Leitz and her partner started their divorce practice in July 1997. In October 1999, Leitz's partner, a pilot, died in an emergency crash landing of her plane in San Antonio.

Besides the emotional trauma of her partner's death, Leitz could have confronted a disastrous business situation, as well. She considers herself fortunate because she and her partner's siblings were quick to agree on a resolution, with Leitz writing them a check for her partner's share in the business. Yet Leitz remains amazed at the oversight, and the potential problems it could have caused. She even remembers one day in the office, during their first year in business, when she and her partner talked about how they needed to get life insurance for one another. But it was something they put off.

"We were both so young, and we had other things on our mind," she says. "At the time of the conversation, neither of us had hit 40. We were two healthy women feeling we were pretty safe before we hit the middle-age barrier."

It's a classic case of advisors not following their own advice, Leitz says. If it had been a client in that situation, Leitz would have been adamant about the need for life insurance and a contingency plan in the event of death.

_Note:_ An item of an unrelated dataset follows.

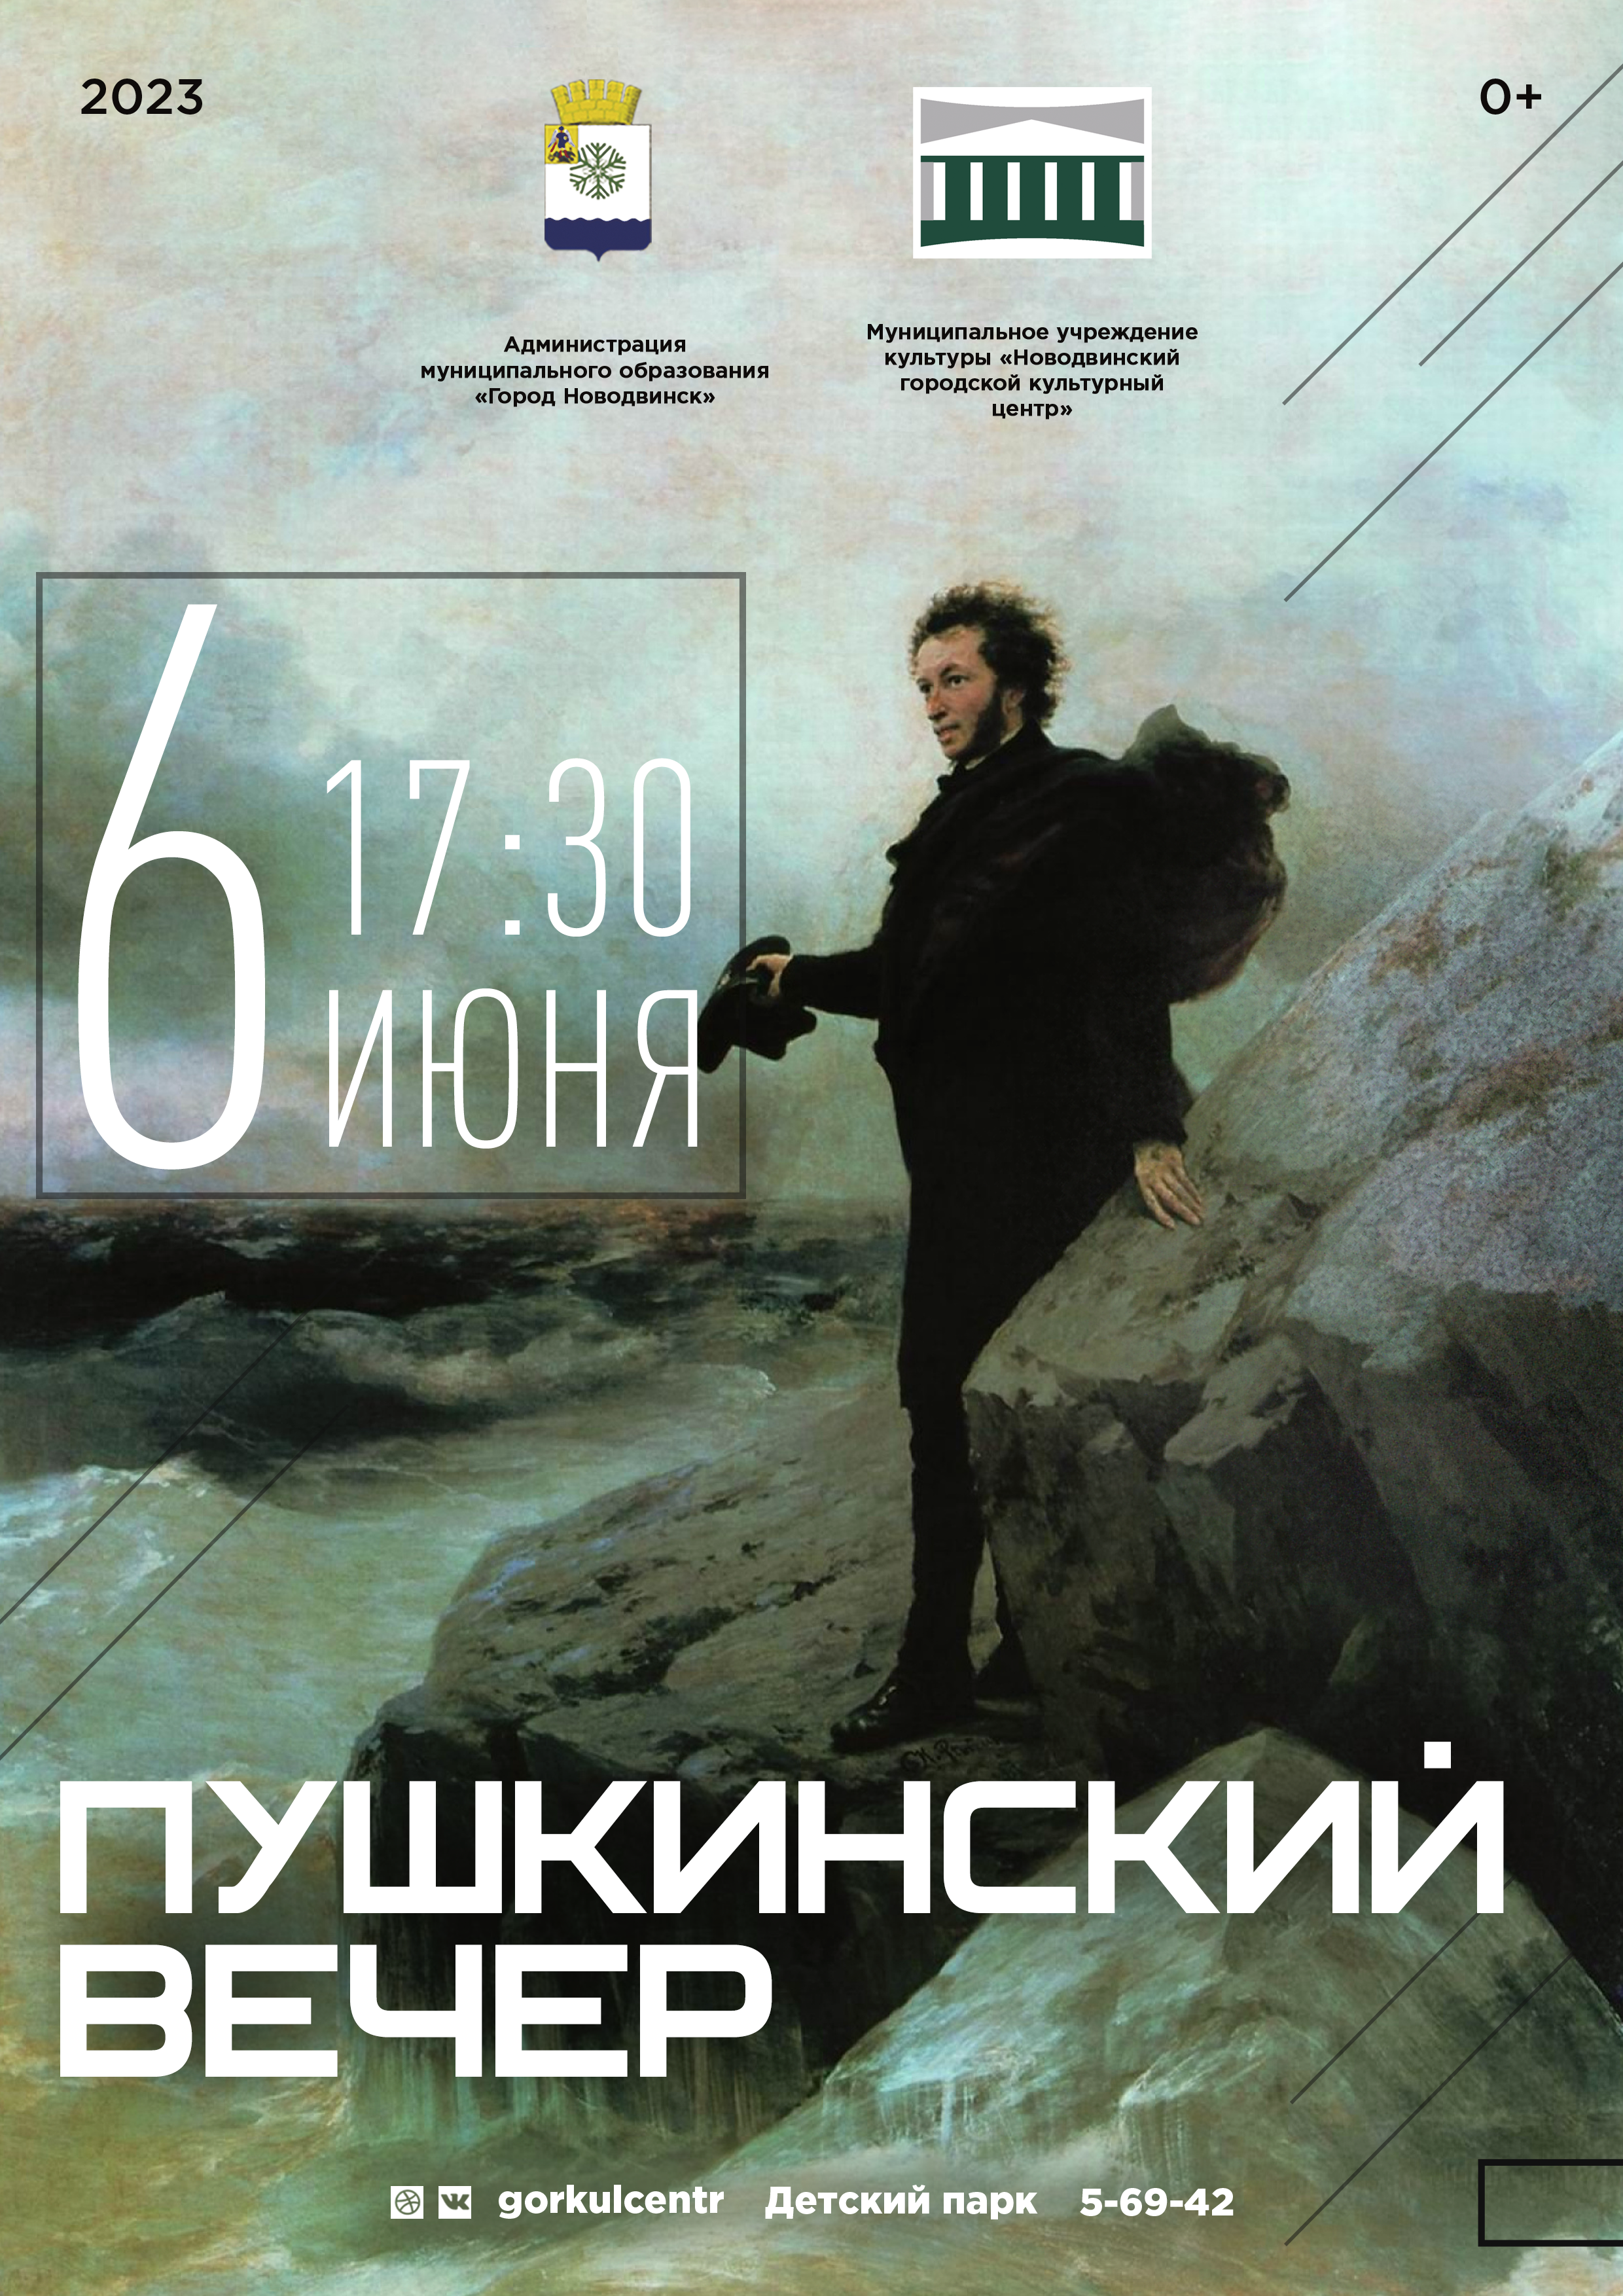 6 июня в России отмечается День рождения поэта, драматурга и прозаика Александра Сергеевича Пушкина. Он явился основателем нового, классического искусства, сравнимого лишь с лучшими образцами мировой эстетики.
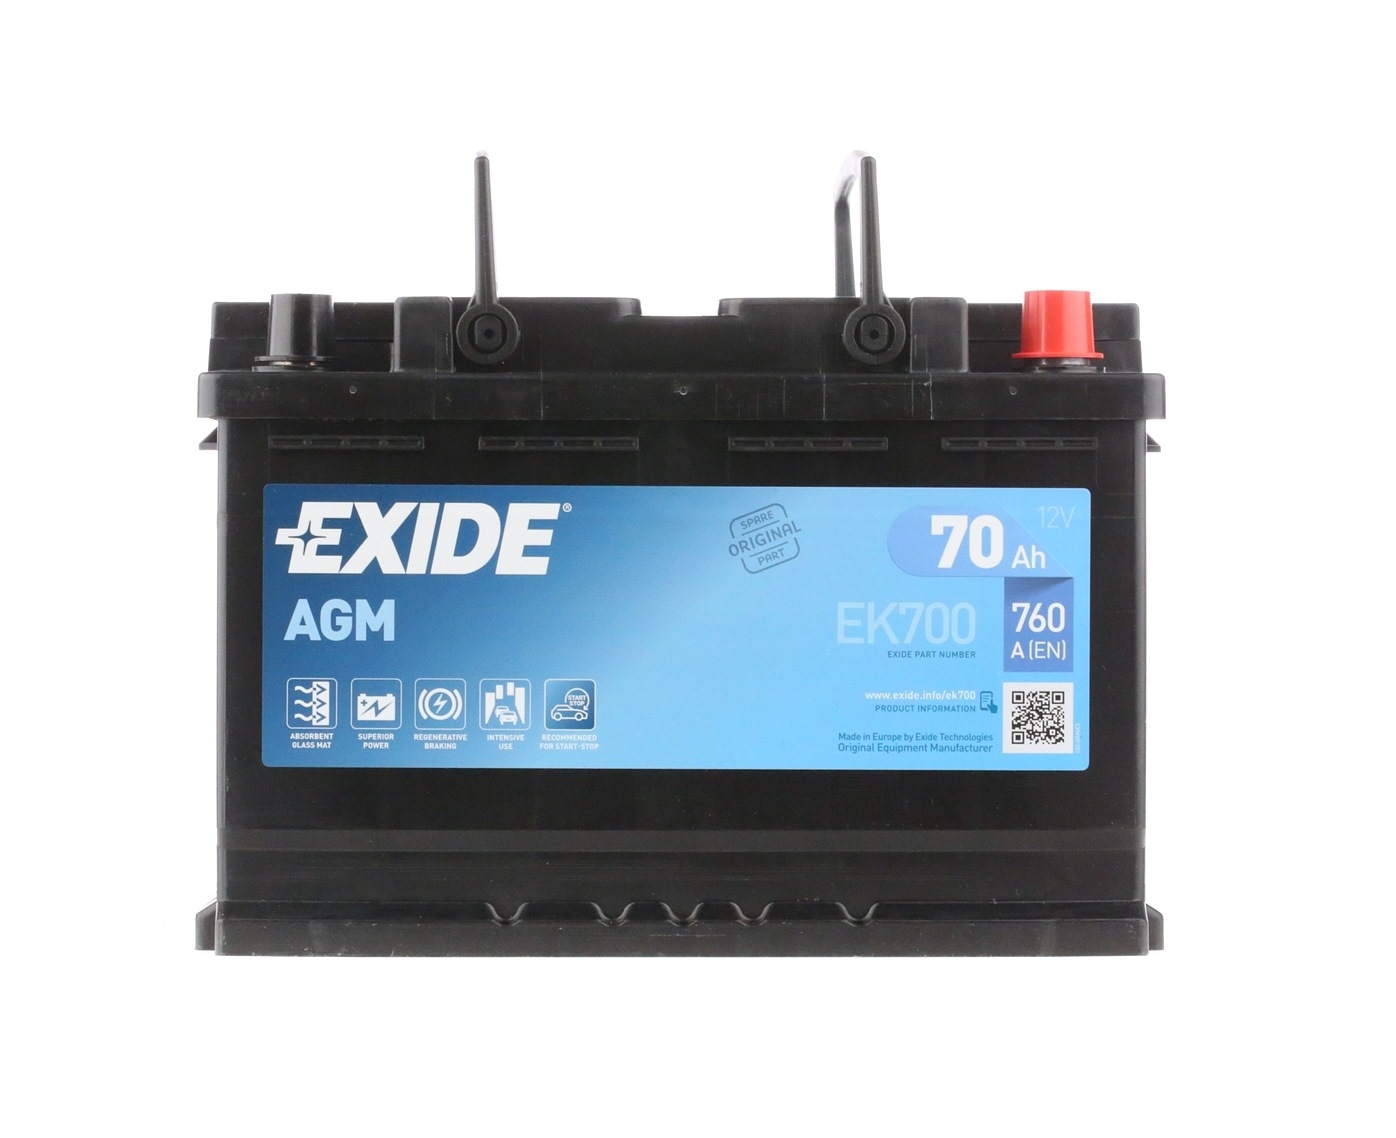 EK700 (067AGM) EXIDE EK700 FORD Autobatterie 12V 70Ah 760A B13 AGM-Batterie

"I'd be on them," she says. "You really need to at least address what happens in the event of a death and, as soon as you can afford it, you need to at least buy some policies on each other."

Giving In To Clients

Among the biggest mistakes an advisor can make, it seems, is to forget that the job of an advisor is to give clients advice-not the other way around.

That about sums up the view of some advisors, who say the biggest mistakes they've made in their careers is to let clients walk them down a path they knew in their hearts was wrought with pitfalls, landmines, dead-ends and doom.

It took Stephan Quinn Cassaday, president and founder of Cassaday & Company Inc. in McLean, Va., a few years to learn that he was falling into this trap. When Cassaday started his business in 1993, he thought his biggest mistake was spending 17 years working at wirehouses. He left the wirehouse business because he wanted to give his clients objective advice without conflicting pressures.

"What ended up happening is that being objective and impartial isn't the whole deal," Cassaday says. "You can be honest and have integrity and still be a knucklehead."